My Christian faith, increasingly, has assumed greater importance as the central focusing component of my life -- providing the raison d'etre and cornerstone for living. My faith journey has shaped my commitment to working for a just world and provided a source of support and strength for the day-to-day struggles of life. A recent highlight of the journey: recognition by the Presbyterian Church (U.S.A.) in New York City of my qualifications to serve congregations as a Lay Pastor.
Baptized as an infant, my faith journey started long before I became a committed Christian -- which occurred in the mid 1970s followingtravels with my cousin Betsey in Europe for two weeks. Until then, the journey had been largely intellectual. In making a real commitment to a life in Christ, the journey took on important practical significance.
I remember my grandmother -- a staunchly religious woman -- telling me stories as a toddler about Jesus.

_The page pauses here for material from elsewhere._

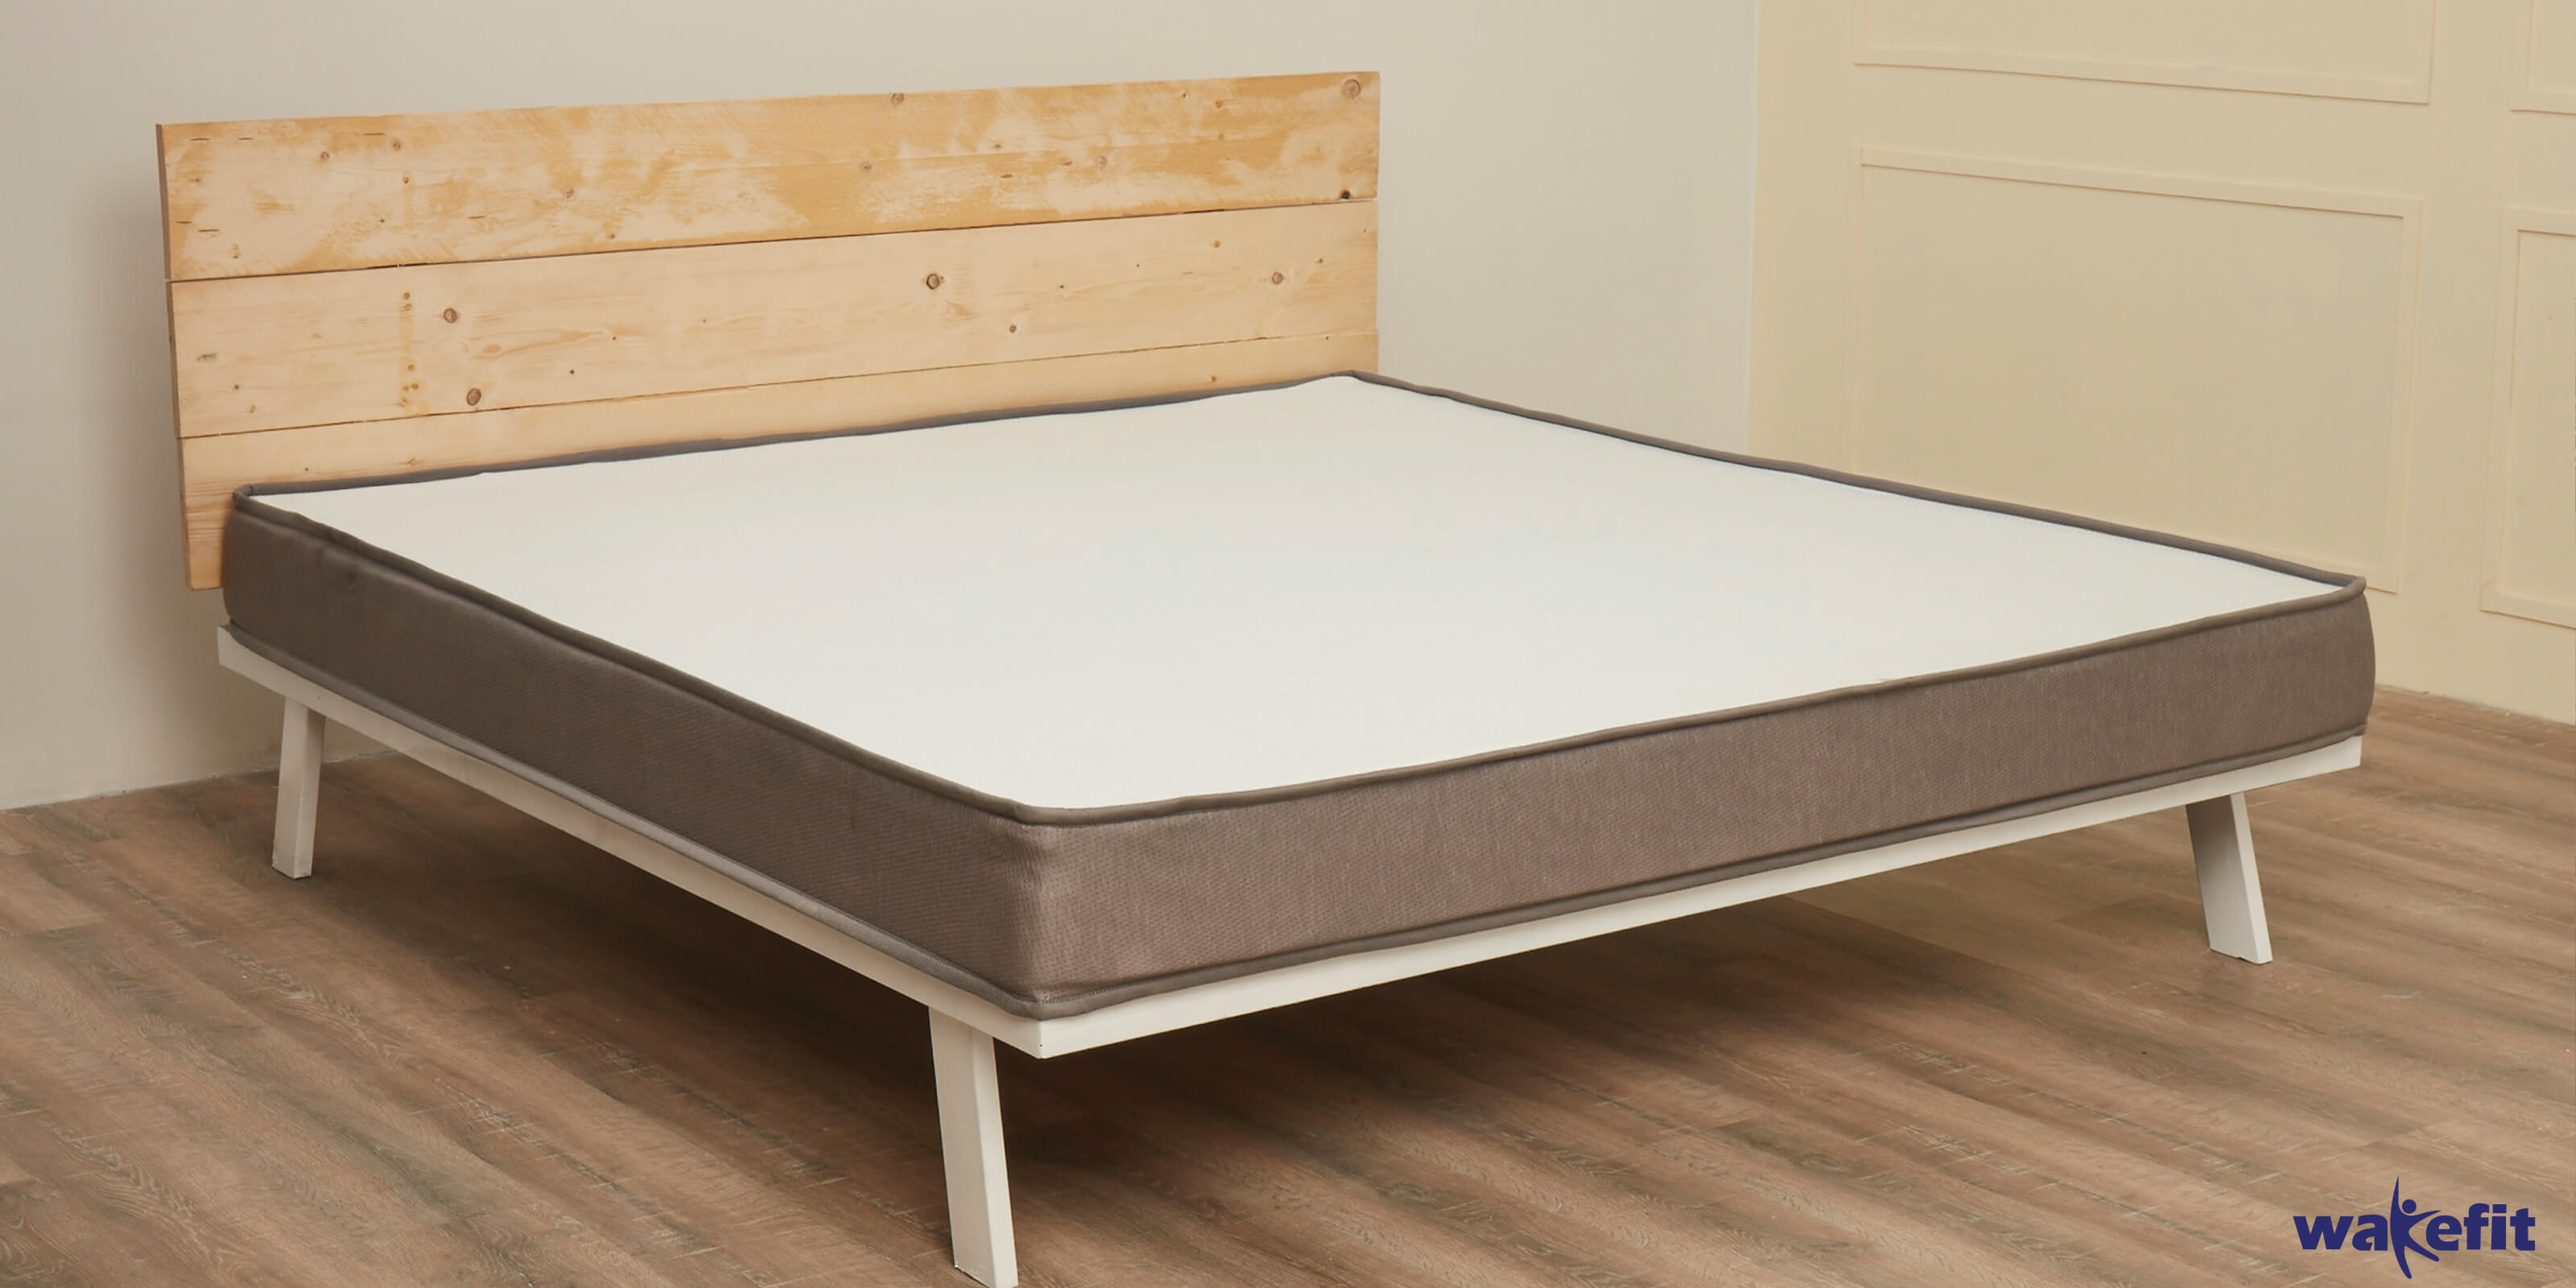 Luxury King Size Bed Wholesale Offers, Save 67% | jlcatj.gob.mx
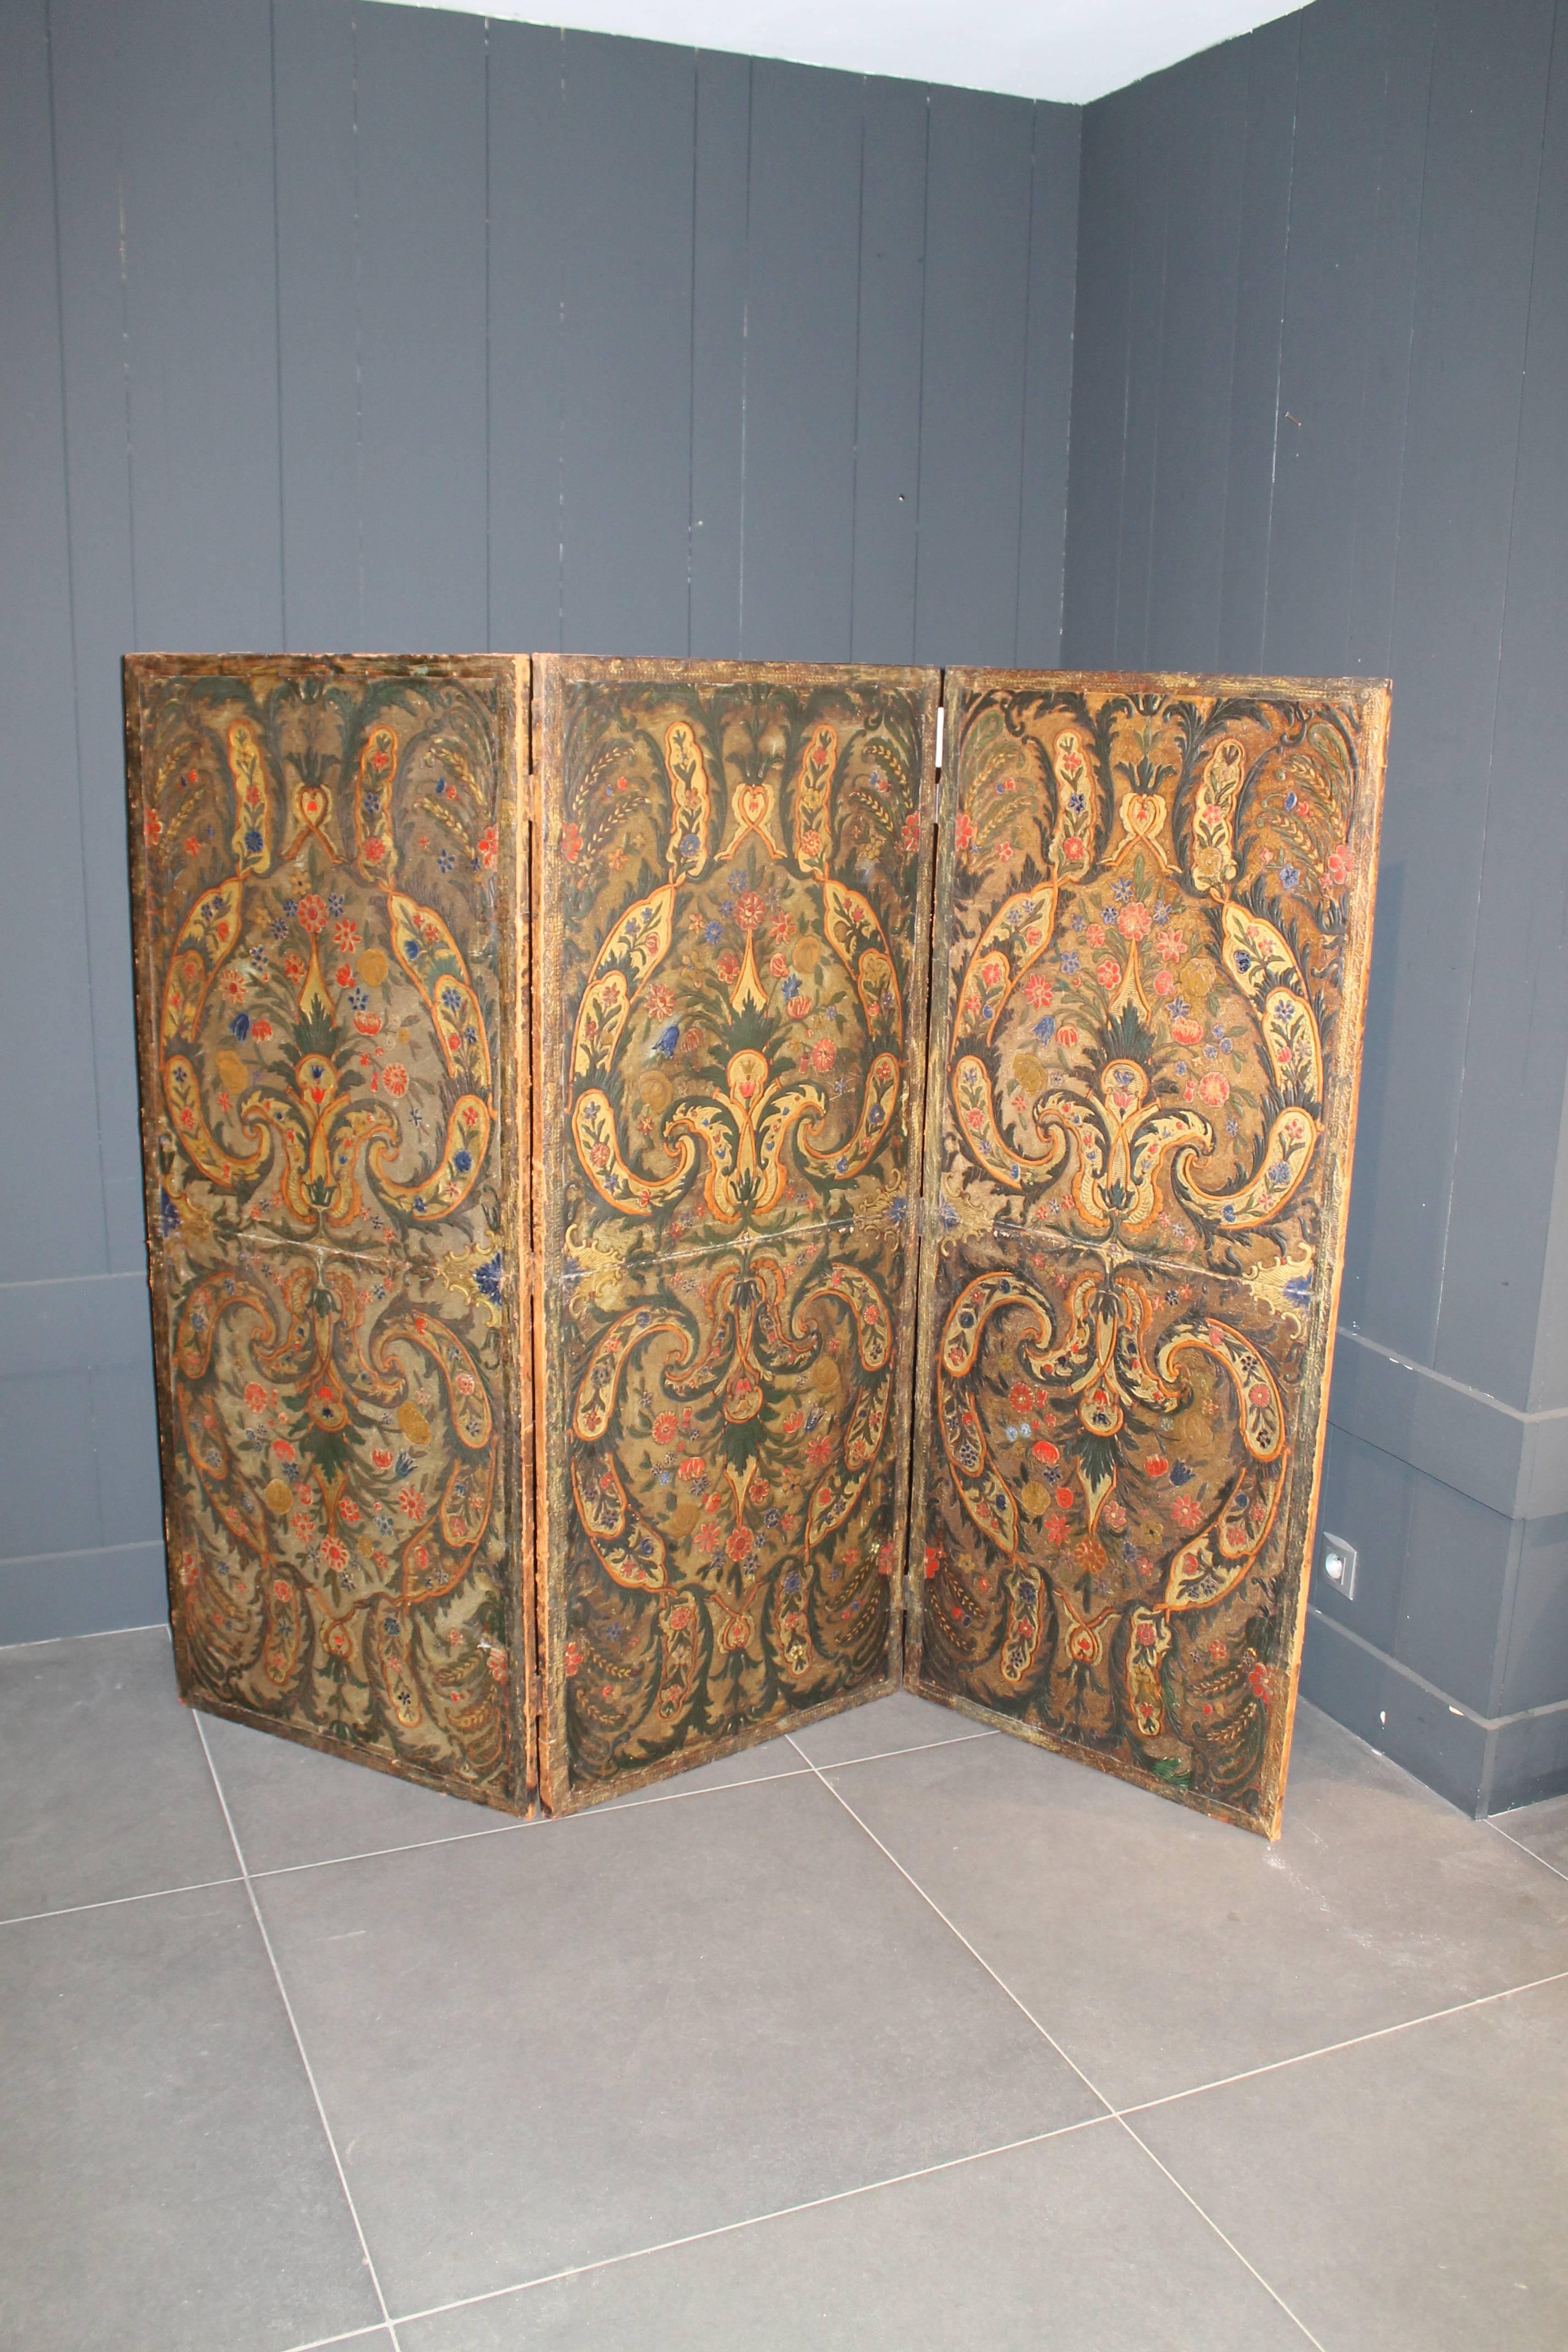 An antique Spanish embossed, painted and gold leaf leather screen with three panels 18th century. It is a double sided screen. This screen consists of a striking design combining both the tactile method of embossing a raised design upon the smooth

As a child and youth, I learned the fundamentals of the Christian faith because my parents made sure I partcipated in Sunday School and a communicants class at age 12 that culminated in my "accepting Jesus Christ as my Lord and Savior" and becoming a Presbyterian (even though I really didn't understand what that meant and did so largely because my friends did). I have continued the denominational affiliation throughout life.
I attended worship services in our family's Presbyterian congregation regularly through high school, but considered a Christian community unnecessary during my undergraduate years in college. In college, however, I continued my intellectual journey in the faith in courses on the Gospels and the theologies of Dietrich Bonhoeffer and Tieard de Chardin -- studies that have informed my special understanding of Christianity and my faith.
In New York City, I returned to the institutional Church for a community I desperately needed in the midst loneliness, angst, and despair related to a life that centered around my job and a few friends from college who had also located in New York. As the Church addressed my need for community and a fuller/balanced life, it also forced me to examine serious questions: Was it possible to believe this foolishness about God becoming a man, dying on a cross as a sacrifice for the sins of humankind, and then rising from the dead and ascending into heaven -- triumphing over sin and death? And if I could believe it, how did I make sense of the words -- as literal fact or symbols that pointed to a profound, mysterious reality?
Around the same time I was rediscovering the Church as community, I planned a trip to Europe to travel for two weeks with my cousin -- a French language student who had been studying in France during the summer of 1974. During her college years, Betsey -- who would probably still describe herself as a "born again Christian" -- and I had begun corresponding. A lot of our correspondence revolved around her newly found Christian faith and its impact on her life. Her enthusiasm and unquestioned certainty grounded in a Biblical literalism I could not accept both frightened me and intrtigued me. I tried to challenge her with hard questions. I wanted to travel with her and have an opportunity to explore more deeply with her whether or not I could ever be able to accept such simple, but profound faith.
I did not have a Damascus Road experience in Europe in the summer of 1974. Rather, I went home well into a Kierkagaardian "leap of faith" that didn't resolve the intellectual questions, but thrust me into a life in Christ that allowed me to accept the unanswered questions as mysteries beyond human reason. In practicing the faith, my faith has grown. In the words of Luther: "To obey is to believe. To believe is to obey." This is how I understand conversion -- a continuing process, not a sudden dramatic experience.
If there was any sudden turning point on my faith journey, it was the decision to leap into a life in Christ characterized by doing justice, loving mercy, and walking humbly with God -- and leaving the intellectual questions behind as secondary issues. Initially for me, leaping into a life in Christ met committment to a Christian community that sought to be the resurrected Christ in the world by working for transformation of society's unjust socio-economic structures as an advocate for decent affordable housing as a right of all people, schools responsive and responsible to communities, destruction of nuclear weapons, acceptance of lesbian and gay persons, among other social issues. As I have grown in the faith, disciplined prayer and meditation in which I find direction and sustenance for living have become equally important as my outward journey as a mission-oriented disciple of Christ.
Theologically, I have come to understand God as the essential Love that is the ground of all being and that through grace, as we believe, we experience as acceptance in spite of our flawed natures; Jesus the Christ as the historical incarnation of this essential Love who through his life and teachings showed us how to live and enjoy creation as the Creator intended -- namely, by doing justice, loving kindness, and walking humbly with God; the Holy Spirit as the empowering presence of God that surrounds us and enables us to live as God requires. In the mystery of the resurrection, we have proof that God's intention for creation prevails -- for Christ, indeed, lives in spite of his unjust crucifixion caused by the sin of humankind.